I have a non-empty set of elements $U$ that are arranged spatially.

I would like to partition $U$ into $N$ non-empty, disjoint subsets, $A_i$, having up to $M$ elements each. Each subset is only allowed to contain neighboring elements.

I would like to also partition $U$ into $N$ non-empty, disjoint subsets, $B_j$, having up to $M$ elements each. Each subset is only allowed to contain neighboring elements.

Finally, I'd like to require that for every subset $A_i$, and $B_j$ that $\lvert A_i \cap B_j \rvert = 1$.

Concrete example

Consider a 3 x 3 grid of elements. The first partition would consist of one subset for each row. The second partition would consist of one subset for each column. Every element would then only exist in exactly one subset of each partition.

This is of course not the only solution. One could have a partition consisting of the upper left three elements, antidiagonal elements and lower-right three elements. The second partition would then consist of the top right three elements, diagonal elements, and lower left three elements.

My goal

  1. I would like to identify a process where I provide the set $U$ and parameter $M$ and the first and second partitions are produced.
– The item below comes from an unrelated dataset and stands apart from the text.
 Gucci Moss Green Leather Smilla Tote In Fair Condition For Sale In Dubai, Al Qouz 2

  2. As a modification to that first goal, to find an optimal partition that minimizes the aggregate distance between elements within all subsets.

My intuition is that this is a variant of set cover, and could be modeled via ILP, but I want to open this up to get other opinions on how to approach this.

Clarifications

  1. What do you mean by "Each subset is only allowed to contain neighboring elements"?
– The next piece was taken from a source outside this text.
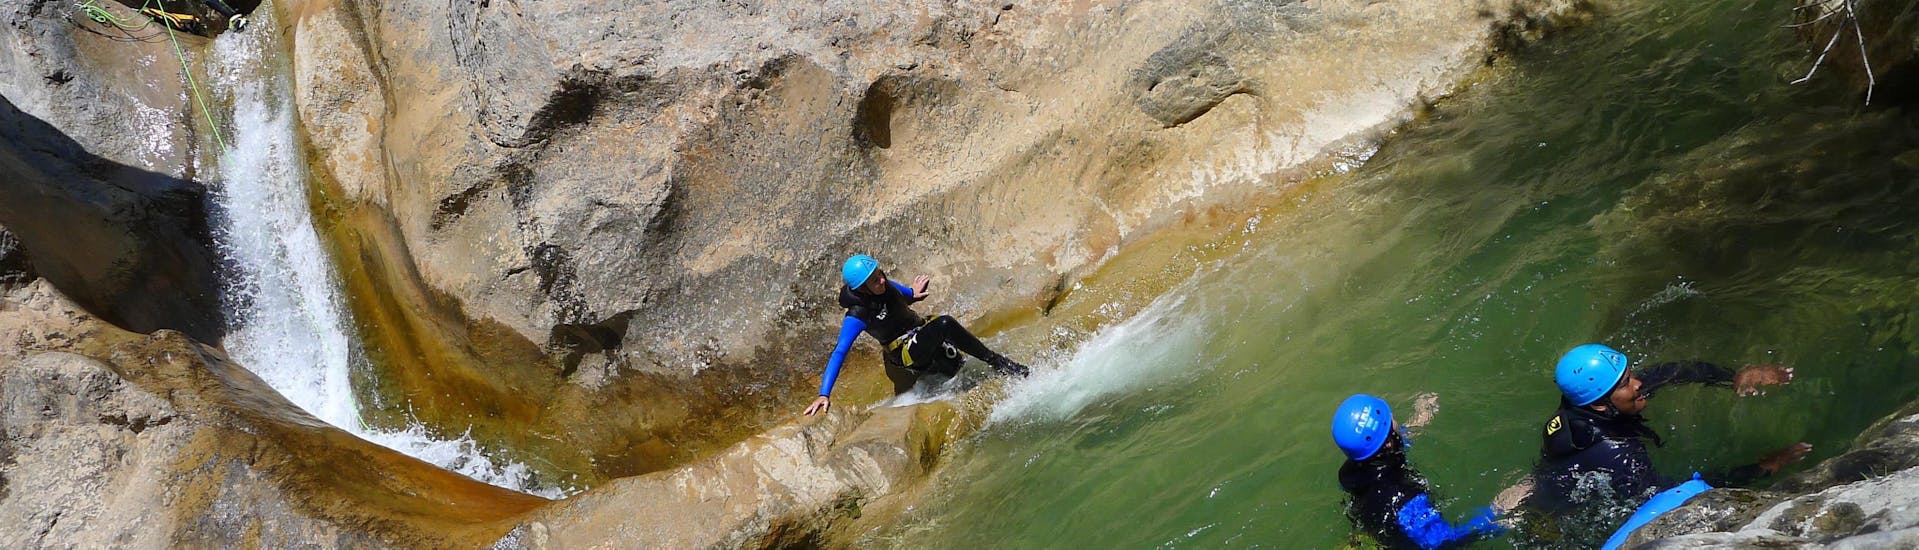 Une fille fait de la descente en rappel dans le Canyon d'Arlos lors de la découverte du Canyoning avec H2O vives.

Every element in the subset is within a fixed distance of at least one other element in the subset. Assume some distance metric to measure distance.

  1. What do you mean by "the aggregate distance between elements within all subsets"?

Given the elements in a subset, construct a weighted complete graph. Each edge has weight equal to the distance between the elements. Find the minimum spanning tree. Take the sum of the edges. Call that $d(S)$.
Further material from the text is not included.